__Work request__: Would you repeat the whole listing exactly, pictures excluded?

__Data shown__:
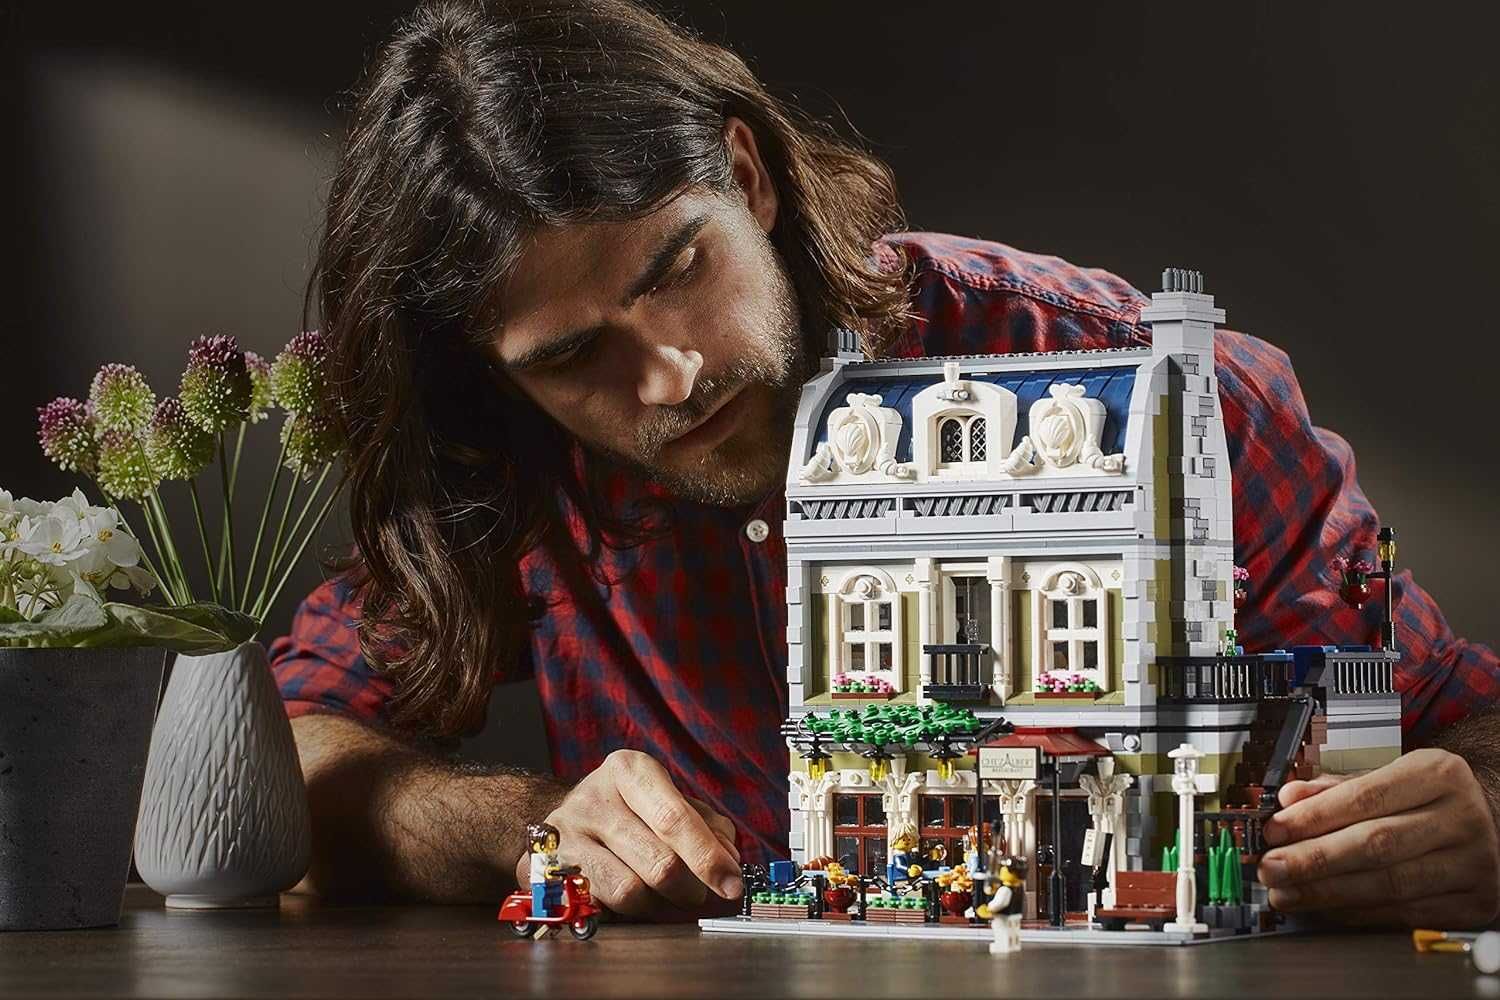 Употребявано LEGO Creator Expert Parisian Restaurant 10243
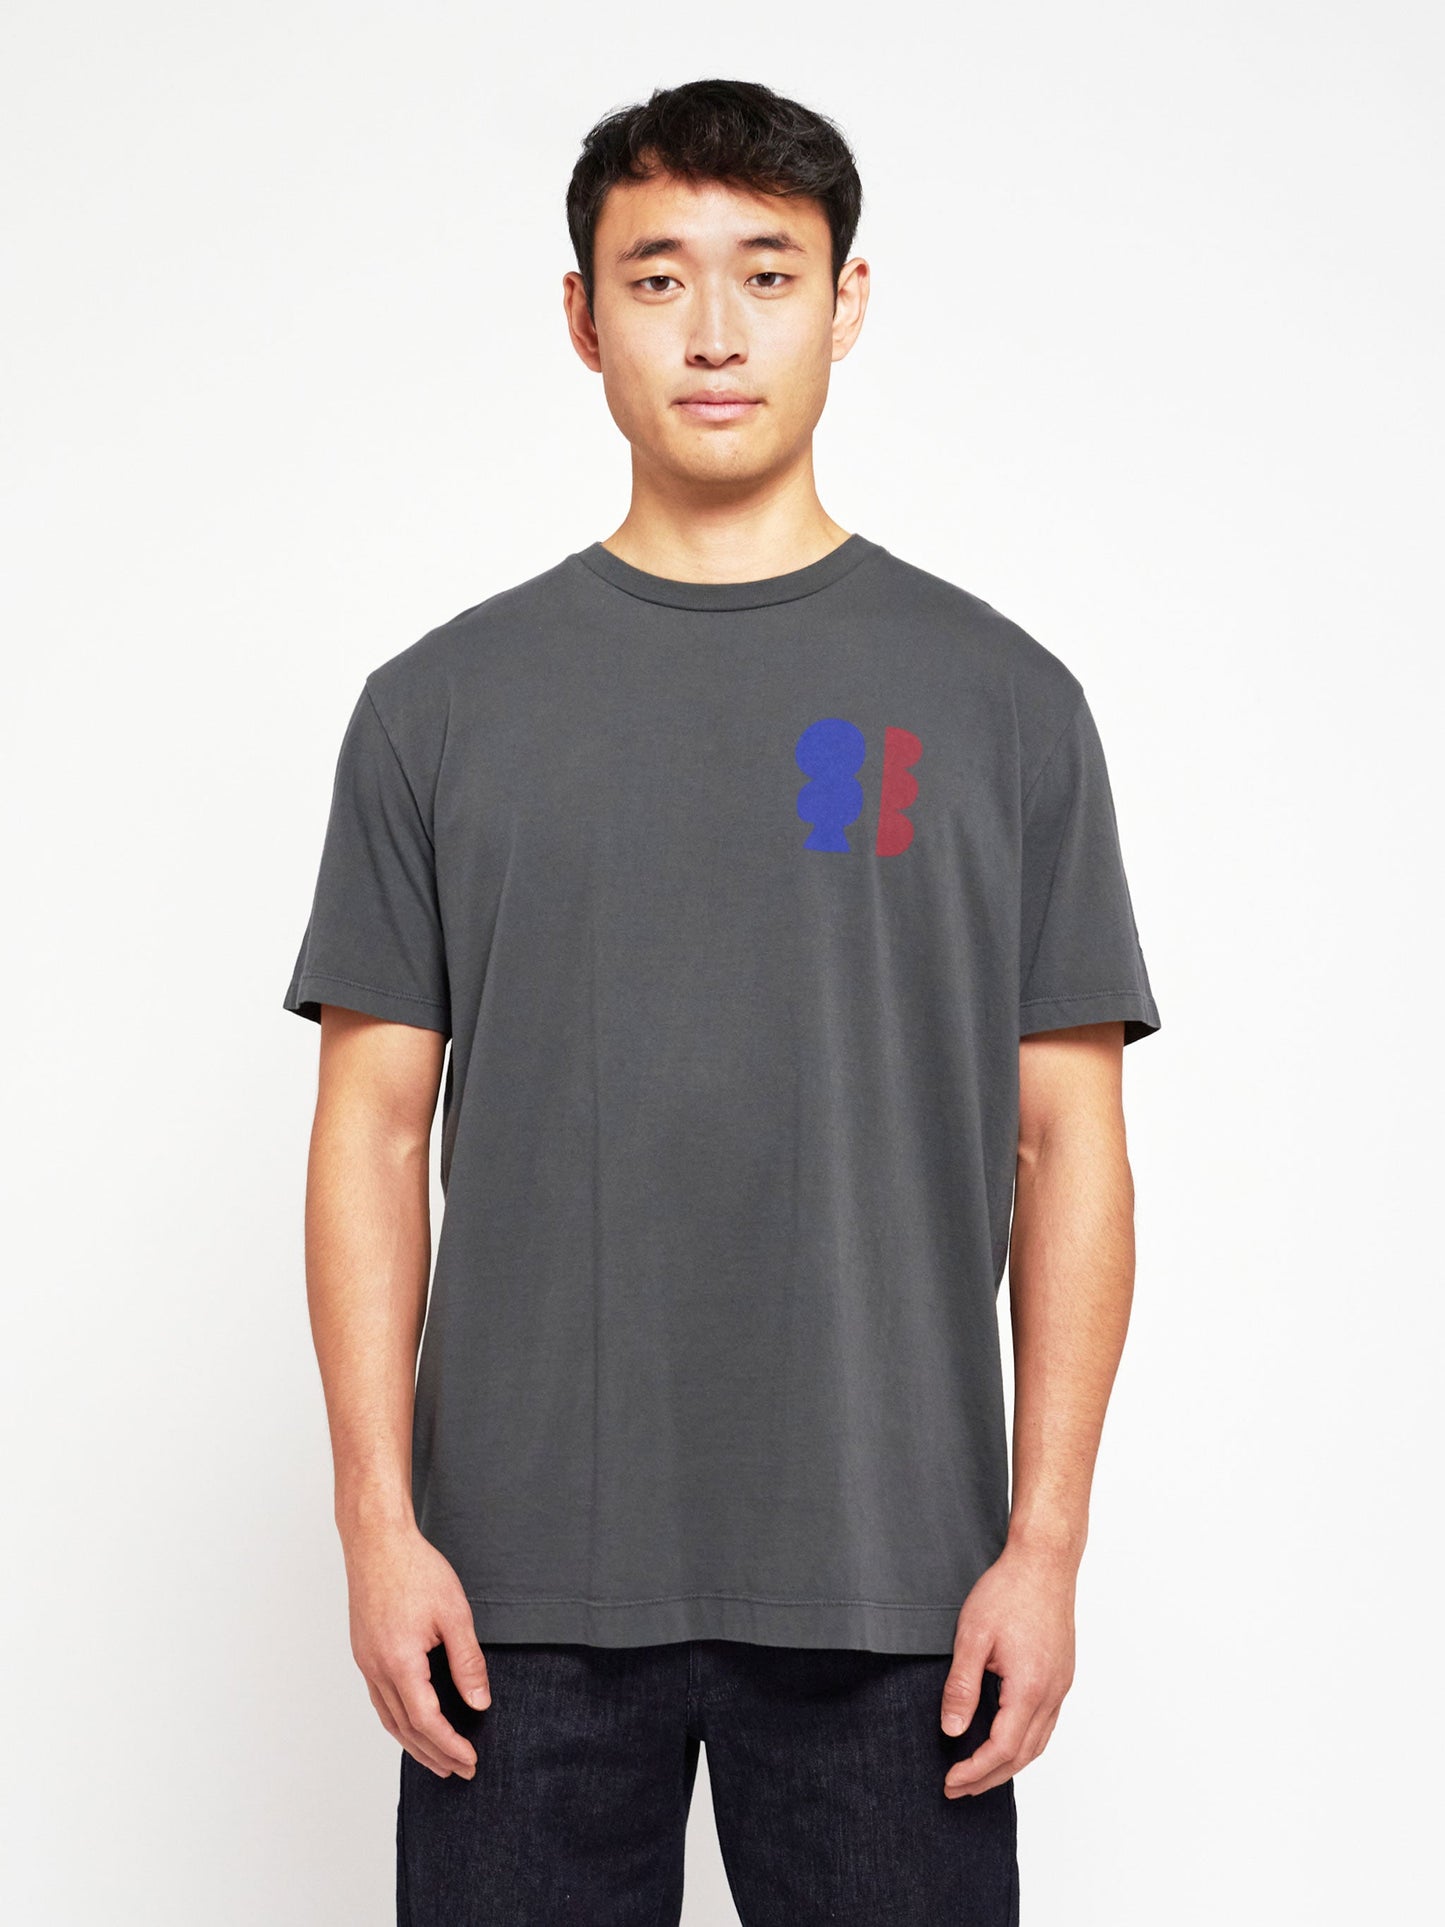 Mixed mold unisex T-shirt
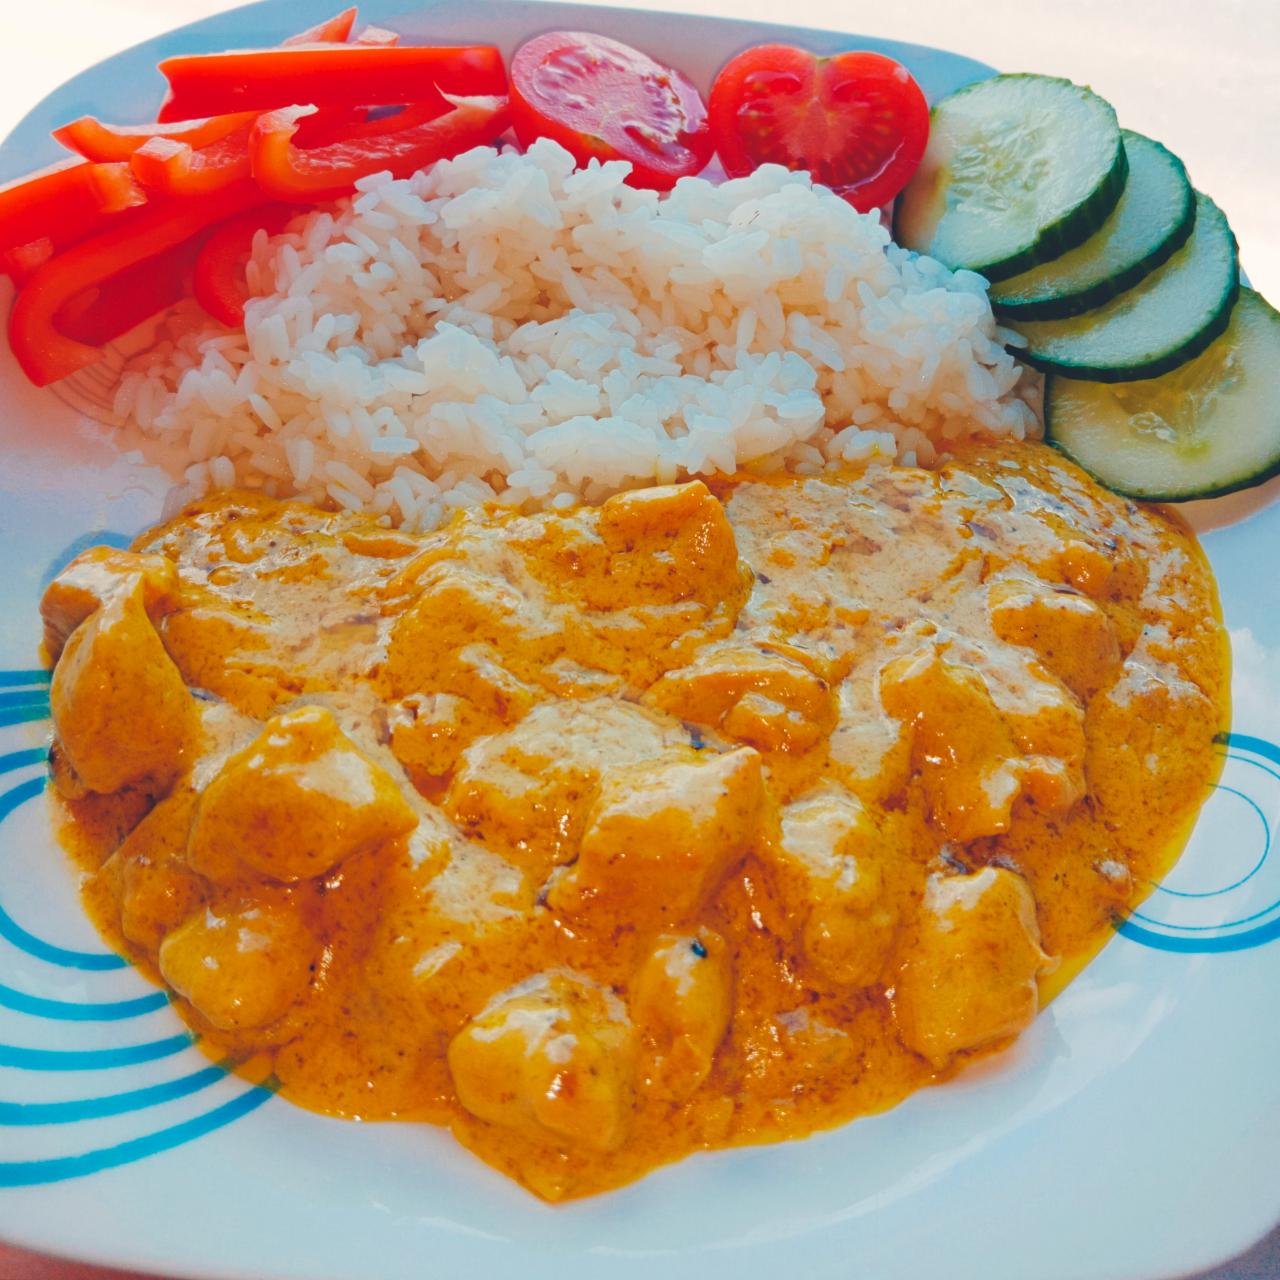 Képek - csirke curry rizzsel
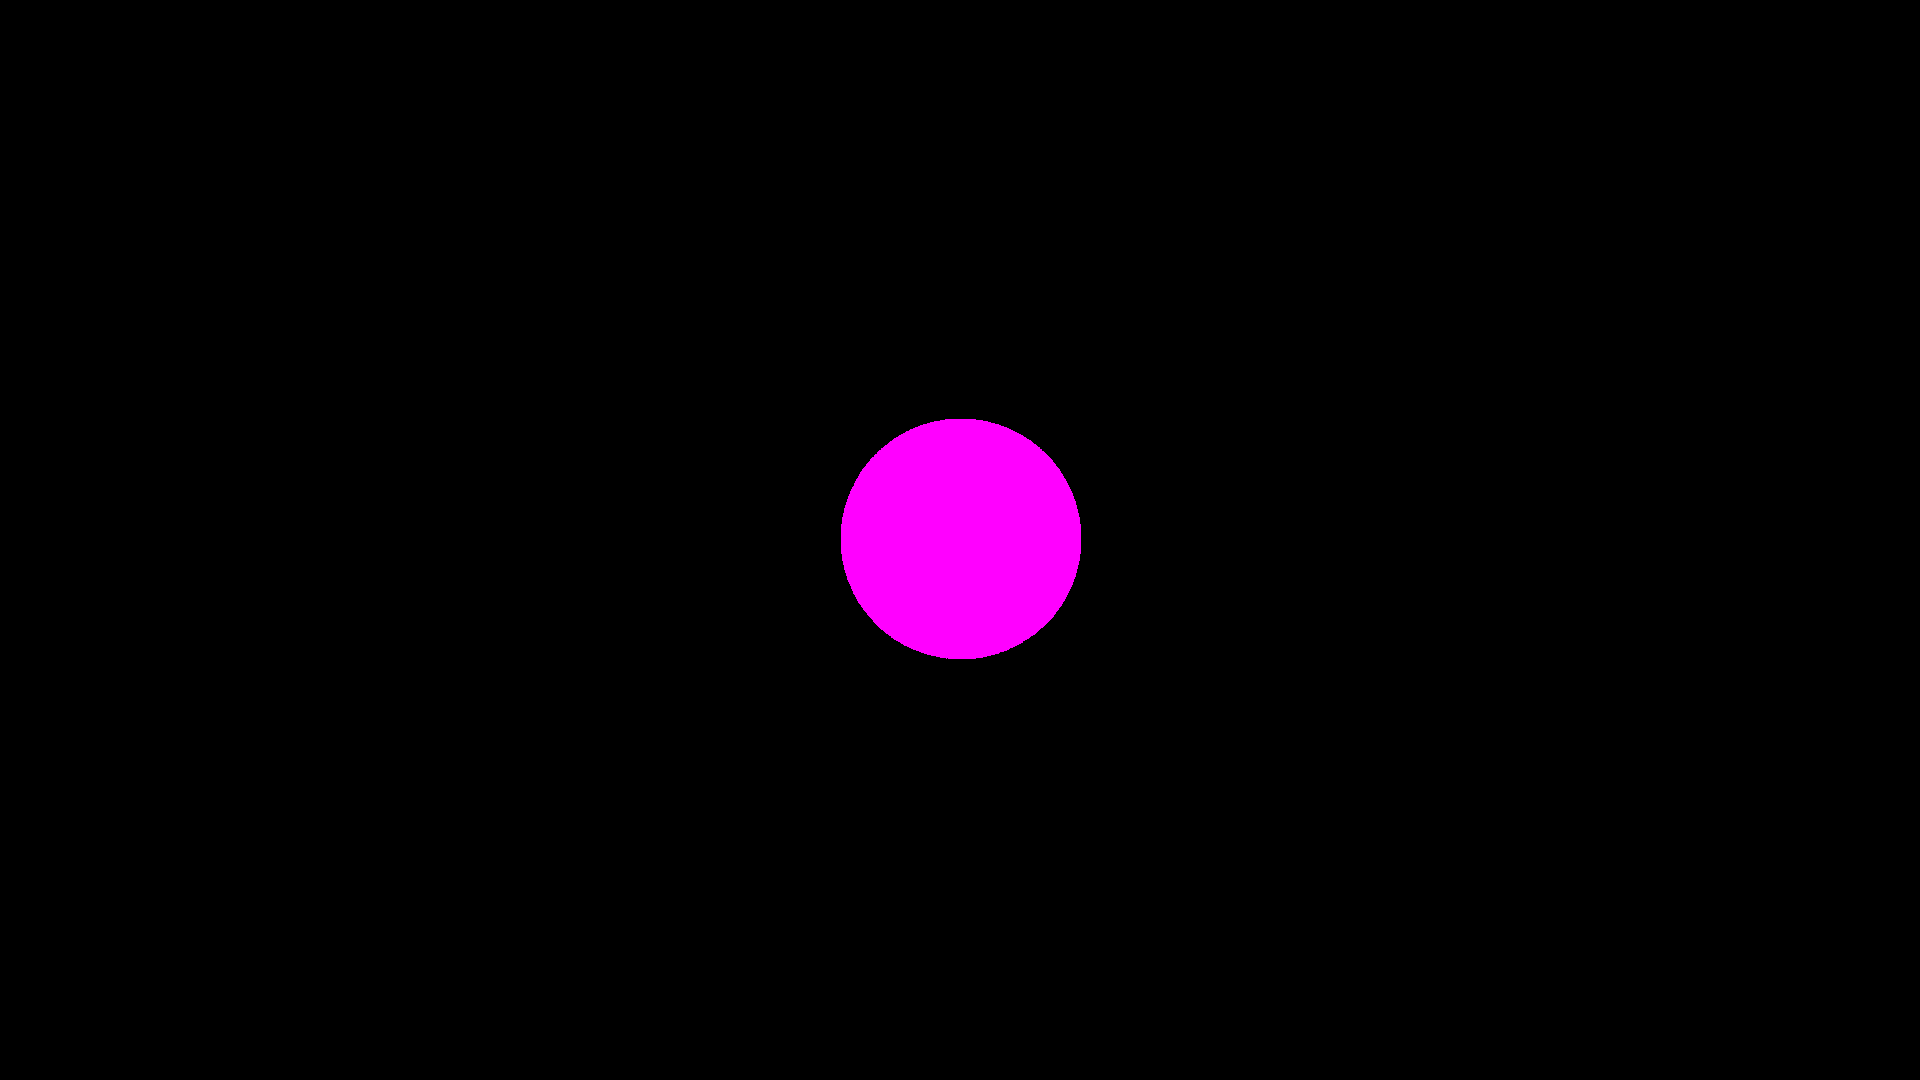 A simple circle

__Result below__:
 Употребявано LEGO Creator Expert Parisian Restaurant 10243
 Mixed mold unisex T-shirt
 Képek - csirke curry rizzsel
 A simple circle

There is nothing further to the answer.